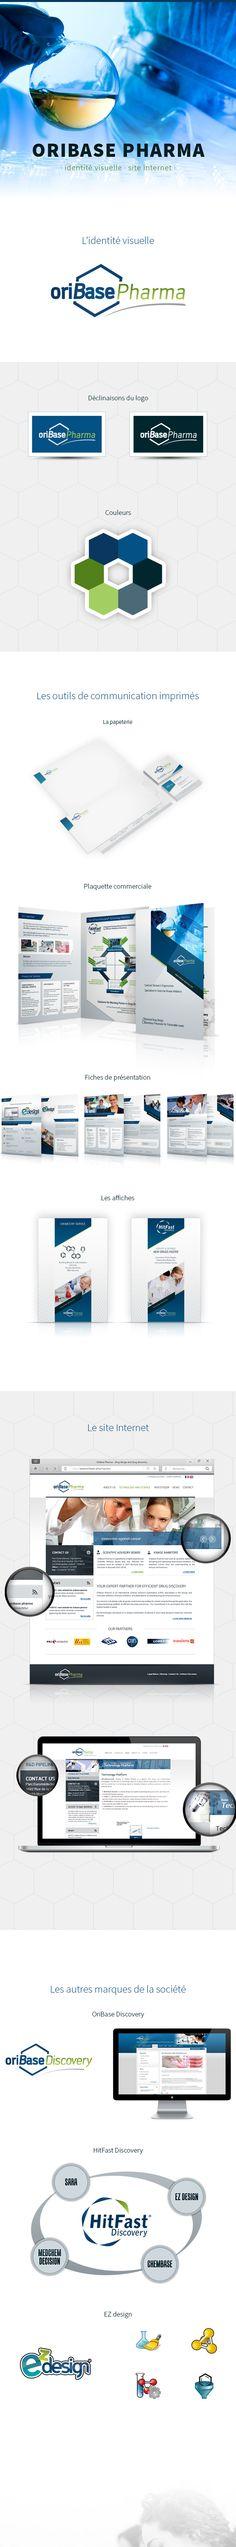 OriBase Pharma by Ramos Jerome, via Behance Behance, Corporate Design
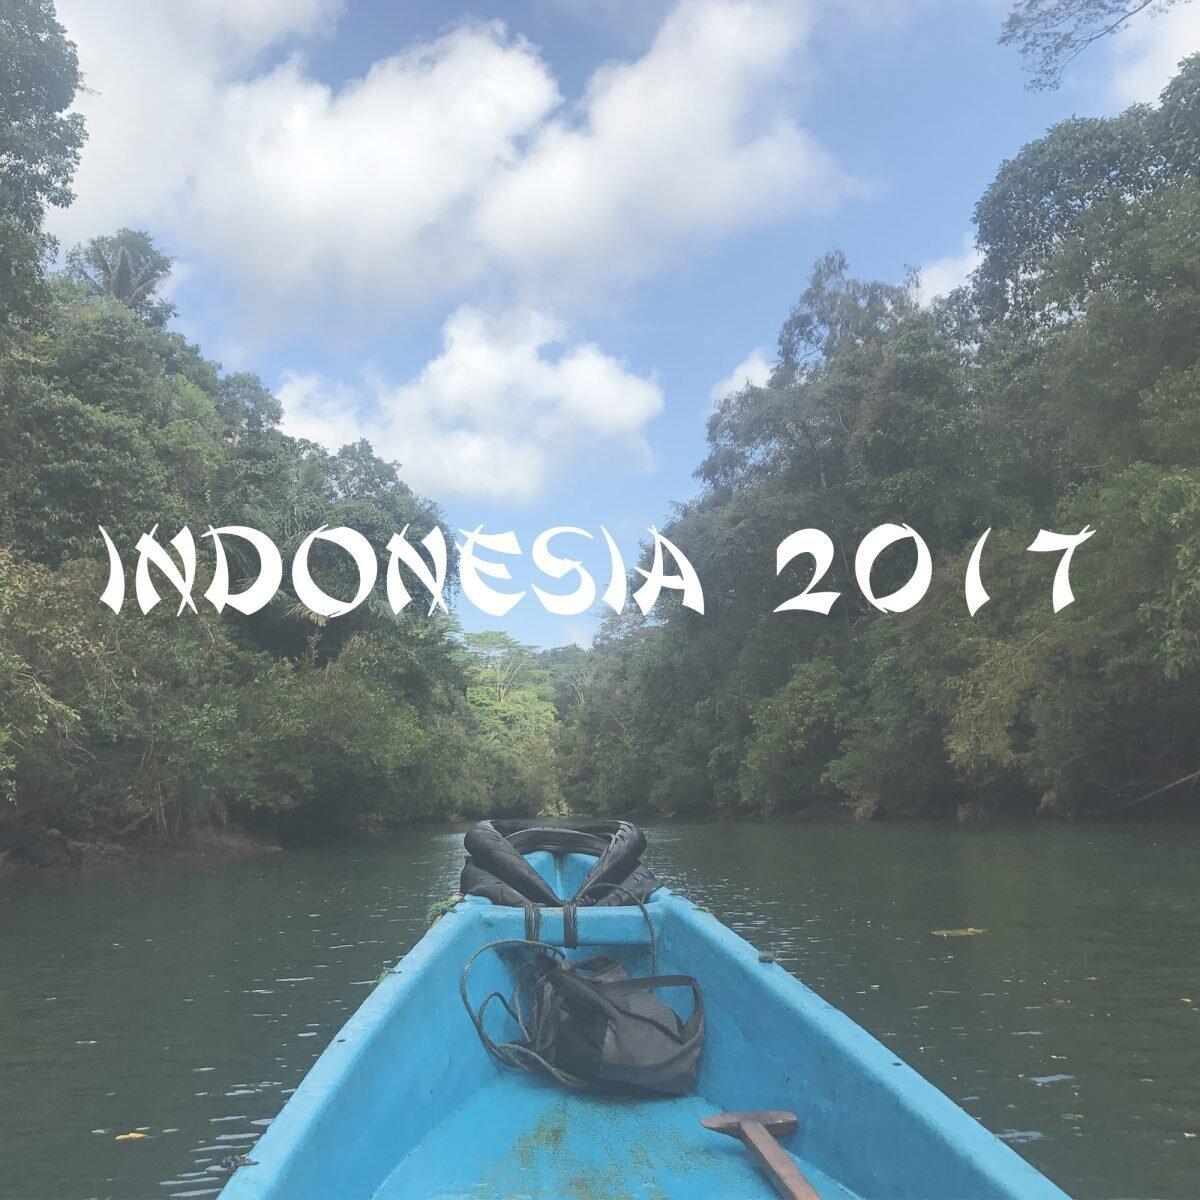 Indonesia 2017: profumi, sapori e pace
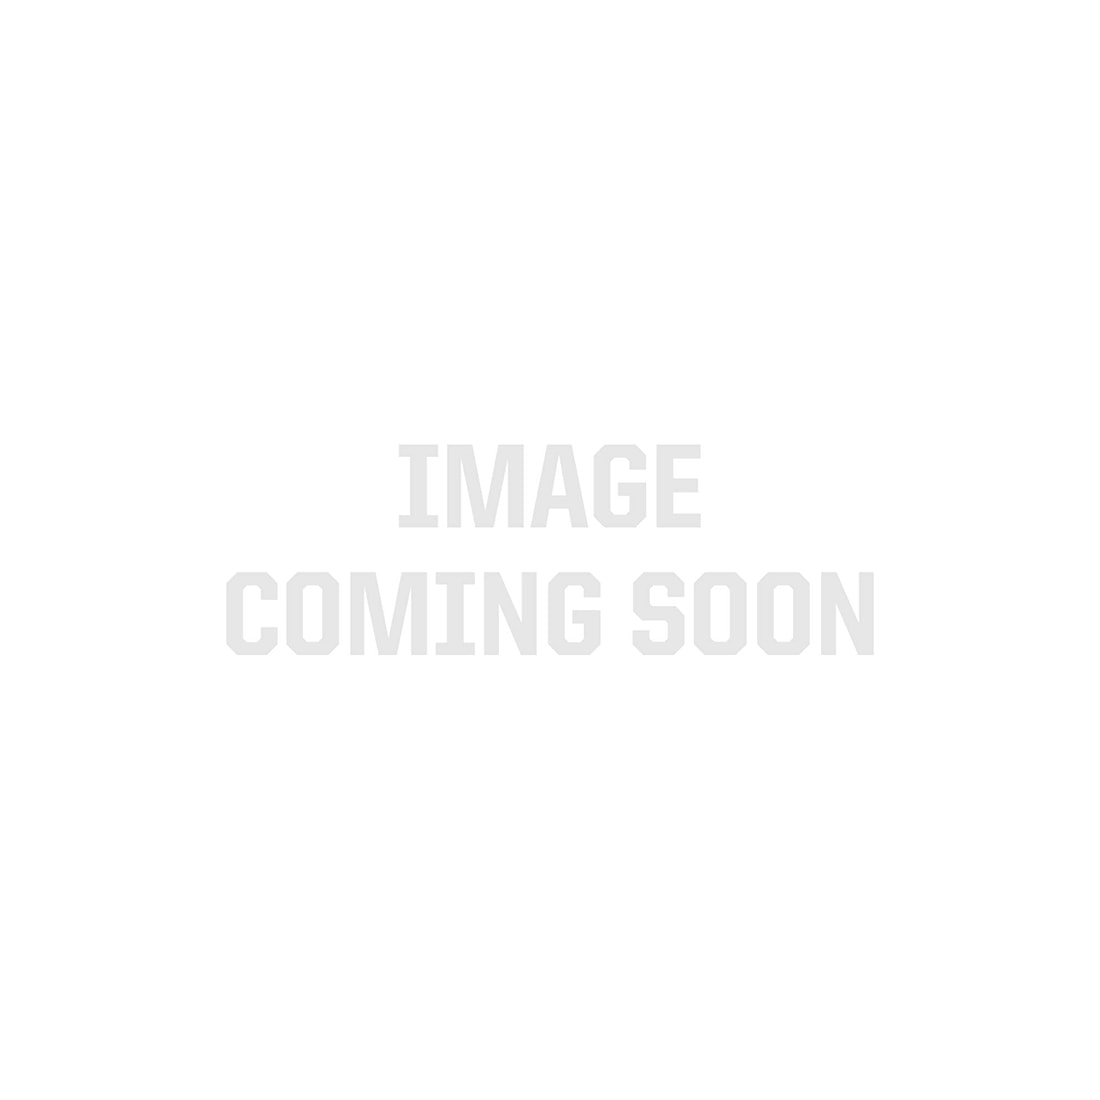 Kichler Design Pro LED 12.9 inch Hardscape Light Flat Mount Bracket (4-Pack)
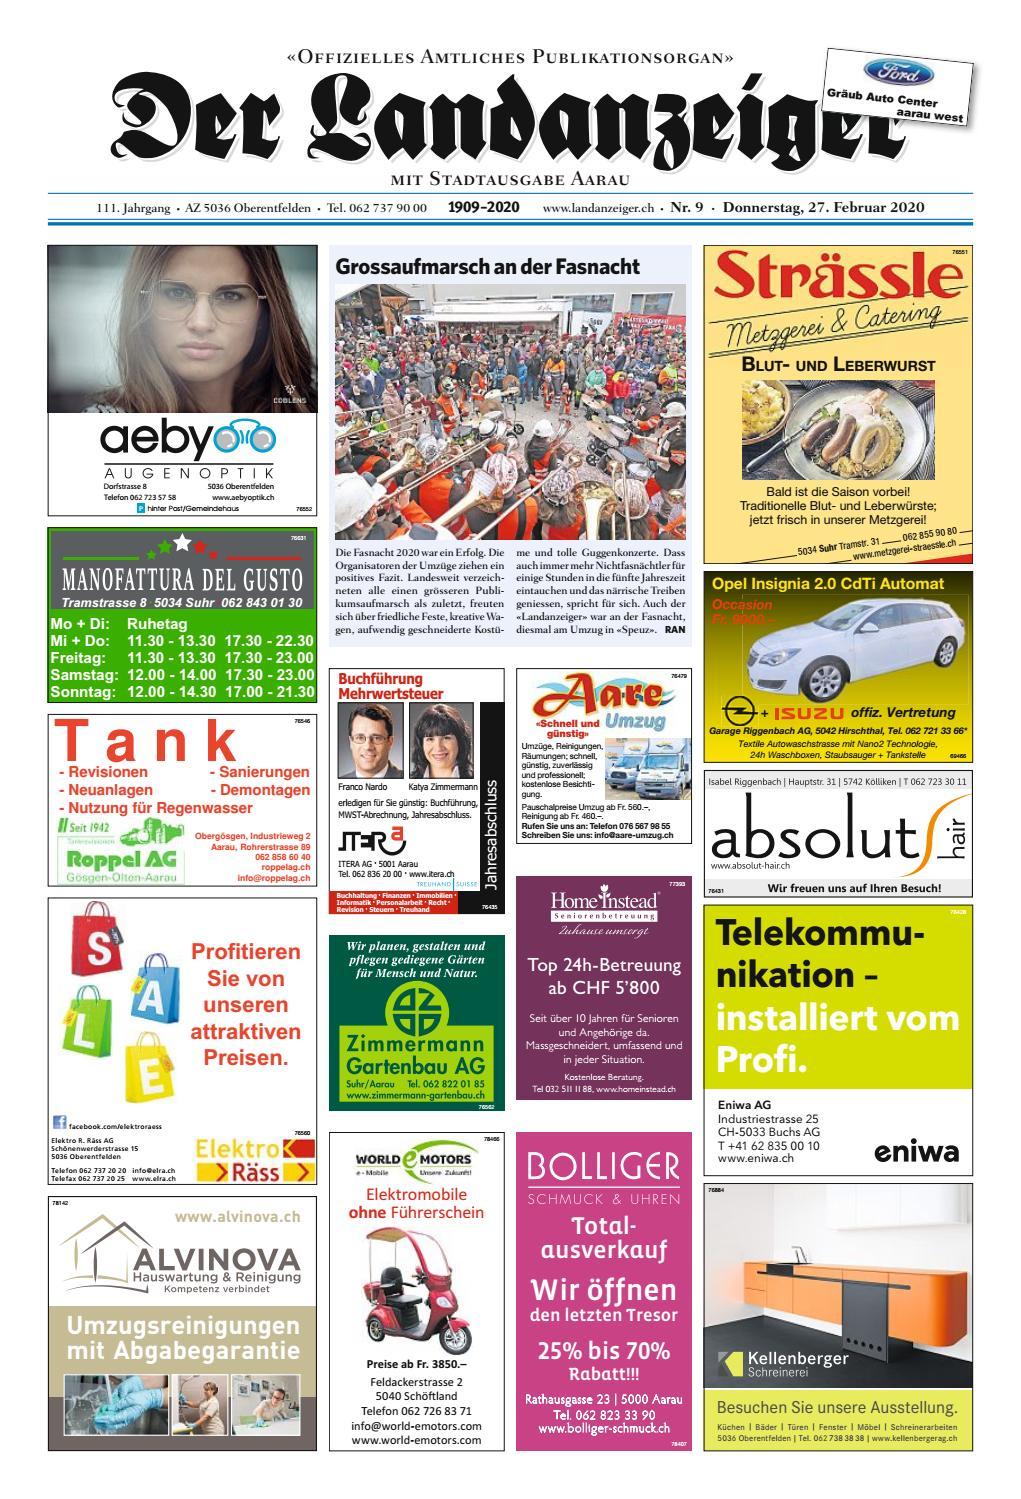 Aarau: ussere Grabenstrasse wird wegen Bauarbeiten
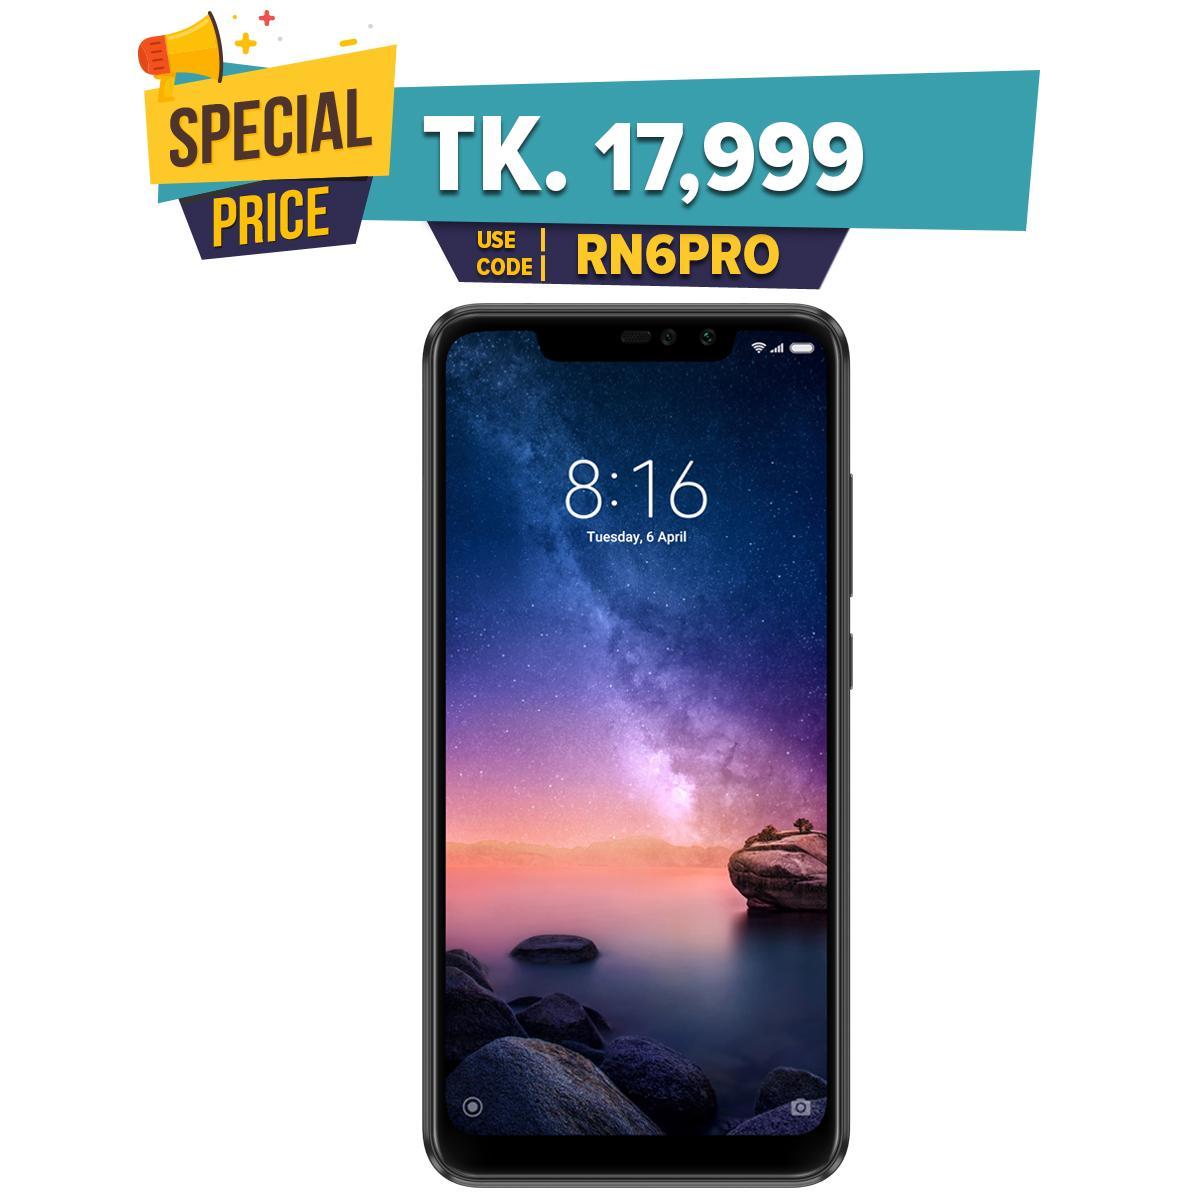 Xiaomi Mobile Phone In Bangladesh At Best Price Redmi 4x 2gb 16gb Gold Note 6 Pro Smartphone 626 Front Camera 20mp 2mp

* * *

- Exercise: Give back the material above word for word; no picture belongs in it.

- Exercise output:
 OriBase Pharma by Ramos Jerome, via Behance Behance, Corporate Design
 Indonesia 2017: profumi, sapori e pace
 Kichler Design Pro LED 12.9 inch Hardscape Light Flat Mount Bracket (4-Pack)
 Aarau: ussere Grabenstrasse wird wegen Bauarbeiten
 Xiaomi Mobile Phone In Bangladesh At Best Price Redmi 4x 2gb 16gb Gold Note 6 Pro Smartphone 626 Front Camera 20mp 2mp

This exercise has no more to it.